Exposure to Nanoplastics Disrupts Neurotransmitter Release in Rat Hippocampal Neurons
Researchers exposed rat hippocampal neurons to polystyrene nanoplastics and measured neurotransmitter release using electrophysiology. Nanoplastic exposure disrupted synaptic transmission by impairing calcium-dependent neurotransmitter release at hippocampal synapses, providing direct evidence of nanoplastic interference with the neural signaling machinery involved in memory and cognition.
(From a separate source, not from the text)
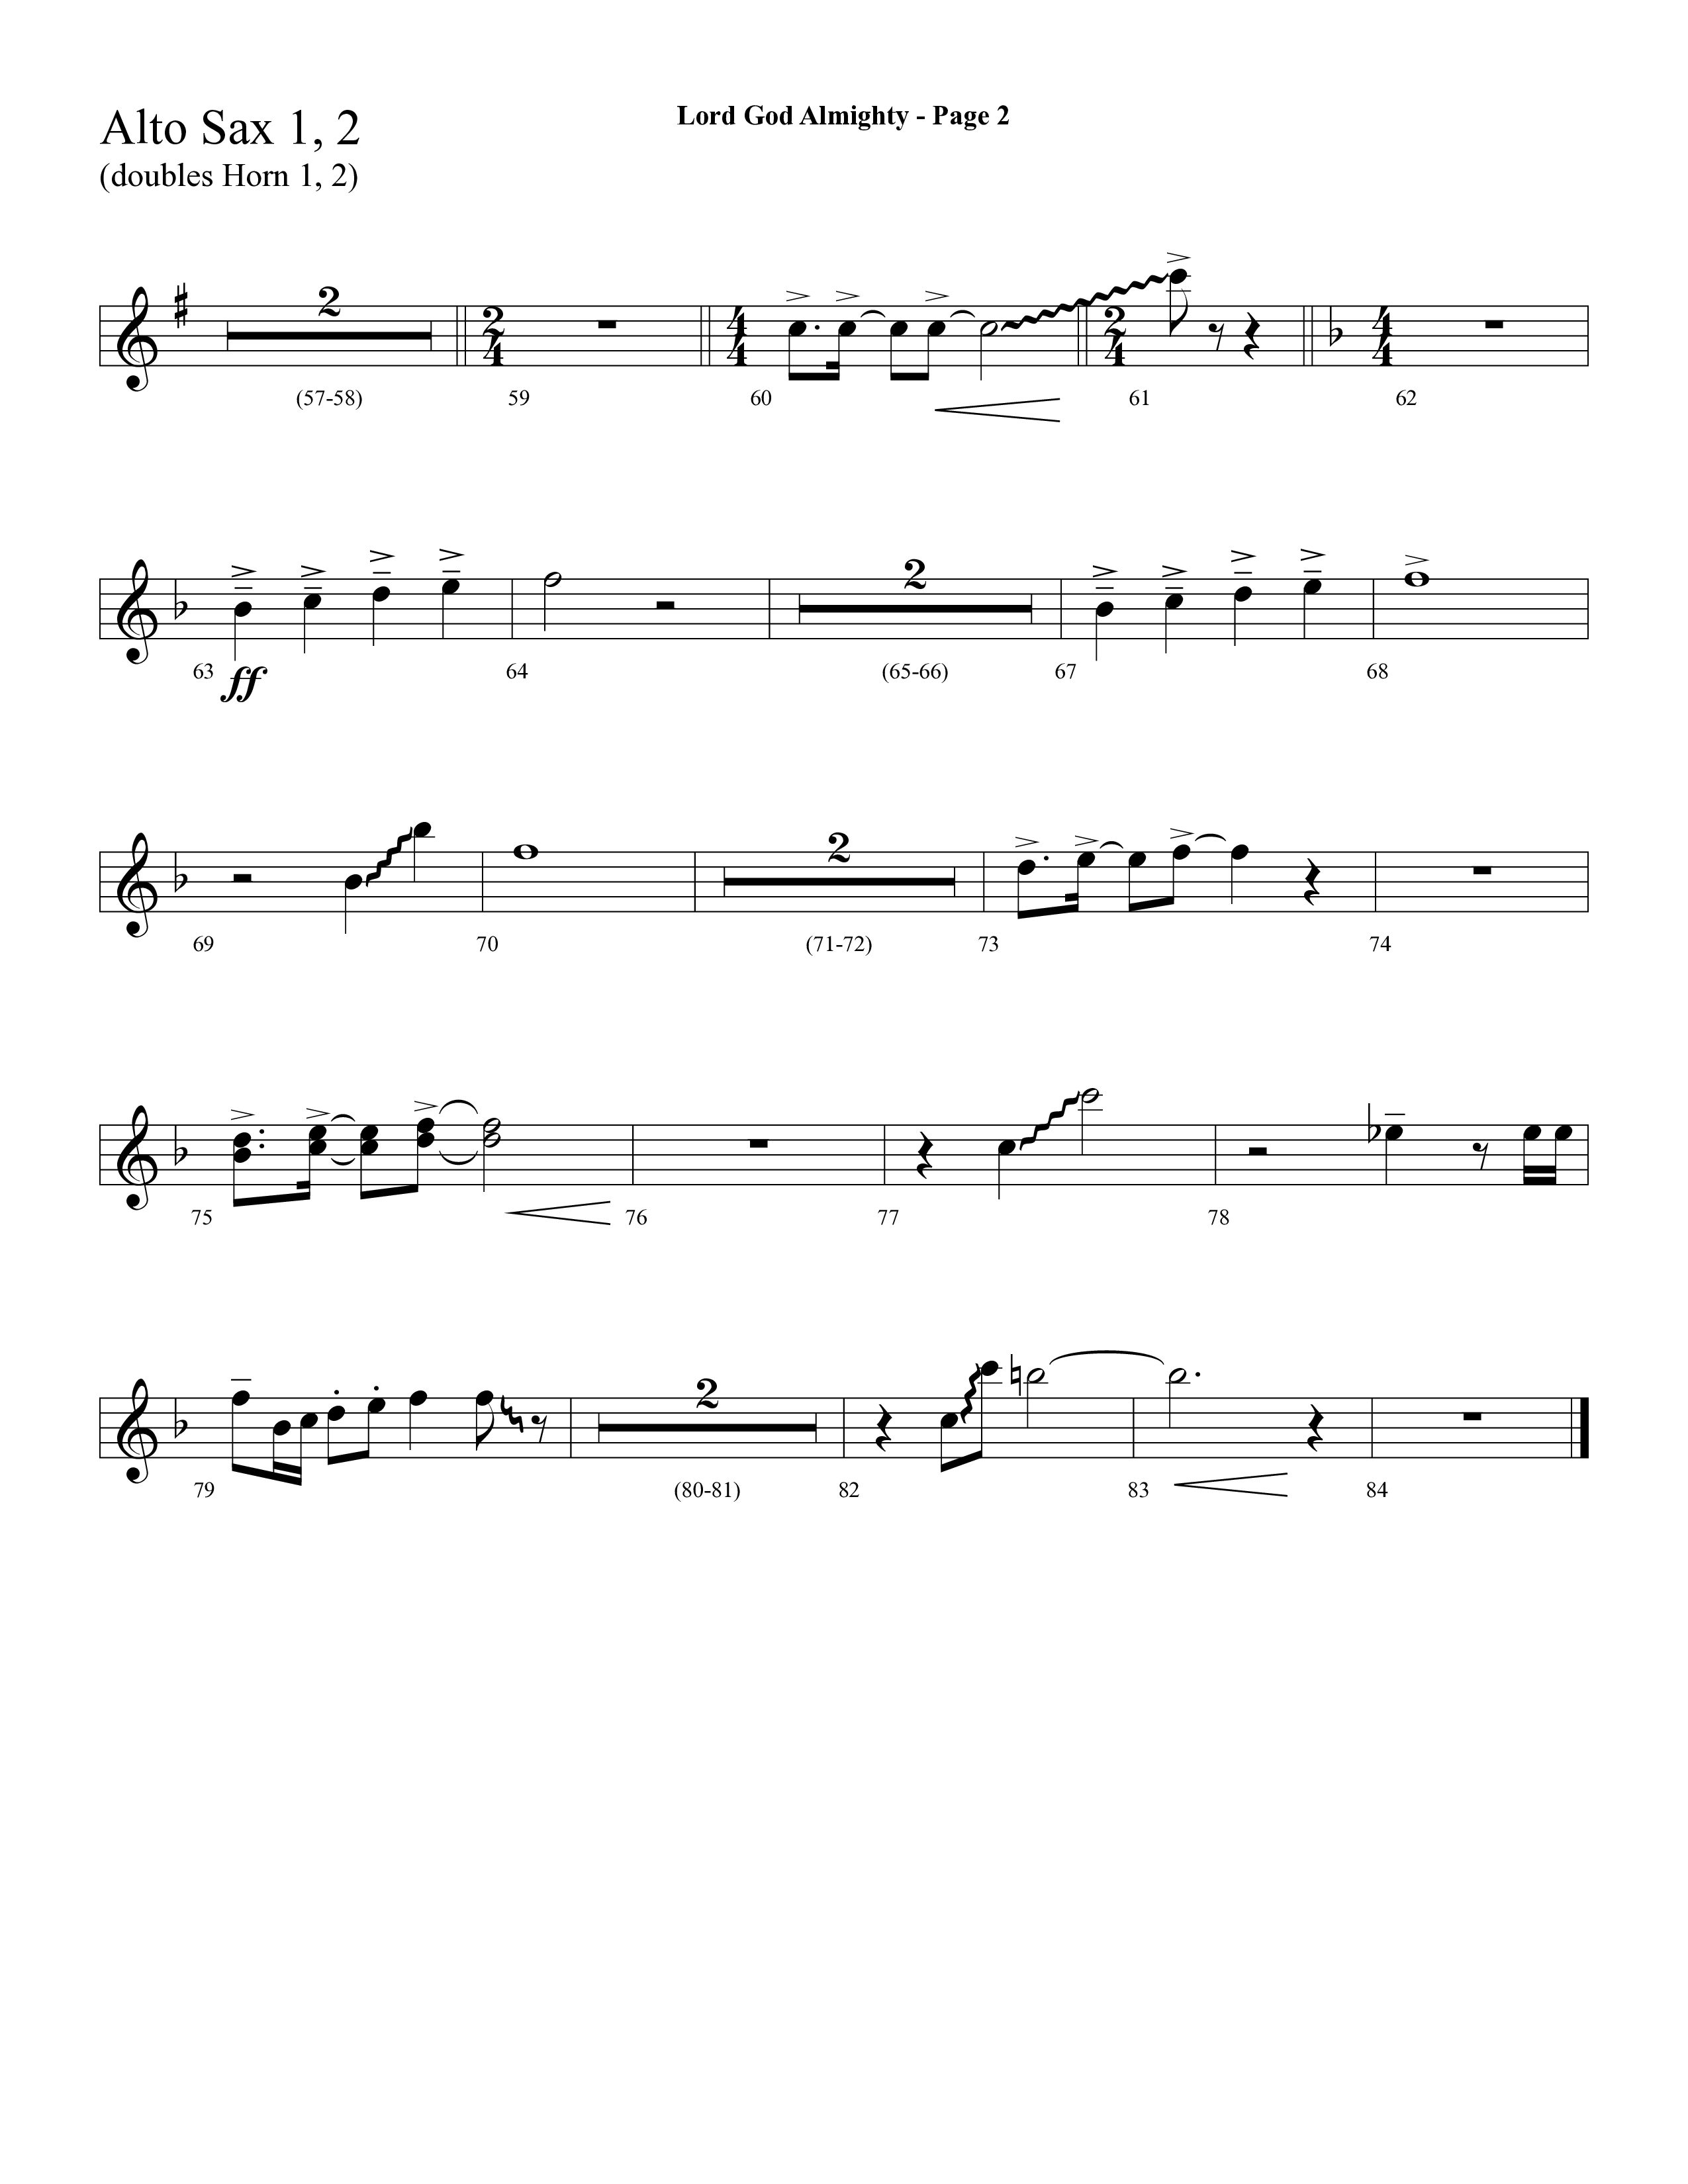 Lord God Almighty (Choral Anthem SATB) Alto Sax 1/2 (Lifeway Choral / Arr. Dave Williamson)
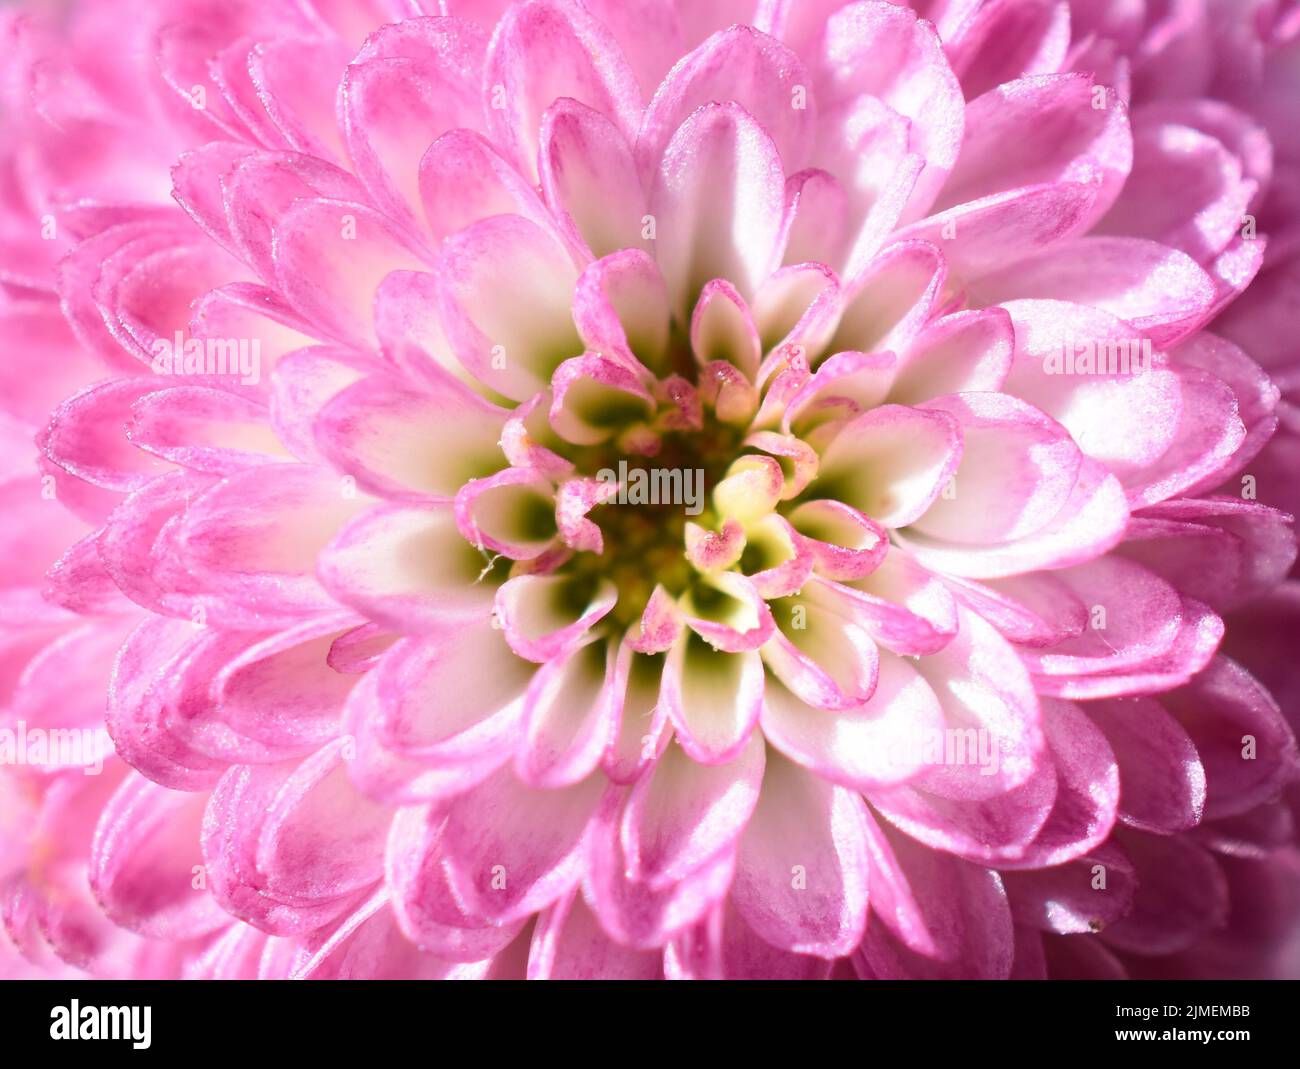 Gros plan extrême sur la fleur de chrysanthème rose Banque D'Images

The Effects of Nanoplastics on the Dopamine System of Cerebrocortical Neurons
Researchers studied how nanoplastics affect the dopamine system in brain neurons grown in the lab. They found that nanoplastics accumulated inside neurons in a dose-dependent manner and altered the levels of proteins involved in dopamine signaling. These results suggest that nanoplastic exposure could potentially interfere with brain chemistry, though more research is needed to understand what this means for human health.
Impacts of Environmental Concentrations of Nanoplastics on Zebrafish Neurobehavior and Reproductive Toxicity
Researchers exposed zebrafish to environmentally realistic levels of polystyrene nanoplastics and found they caused both brain and reproductive damage. The nanoplastics disrupted neurotransmitter signaling and impaired the hormonal pathway connecting the brain to reproductive organs, with different effects in males and females. These findings suggest that even low-level nanoplastic exposure could affect both brain function and fertility in aquatic life that humans may consume.
Neuronal damage induced by nanopolystyrene particles in nematodeCaenorhabditis elegans
C. elegans nematodes were chronically exposed to nanopolystyrene particles and found to develop neuronal damage affecting both development and function of the nervous system after long-term exposure at environmentally relevant concentrations. The study provides early evidence that nanoplastics can cause neurological harm in an animal model, raising questions about potential neurotoxicity in other species.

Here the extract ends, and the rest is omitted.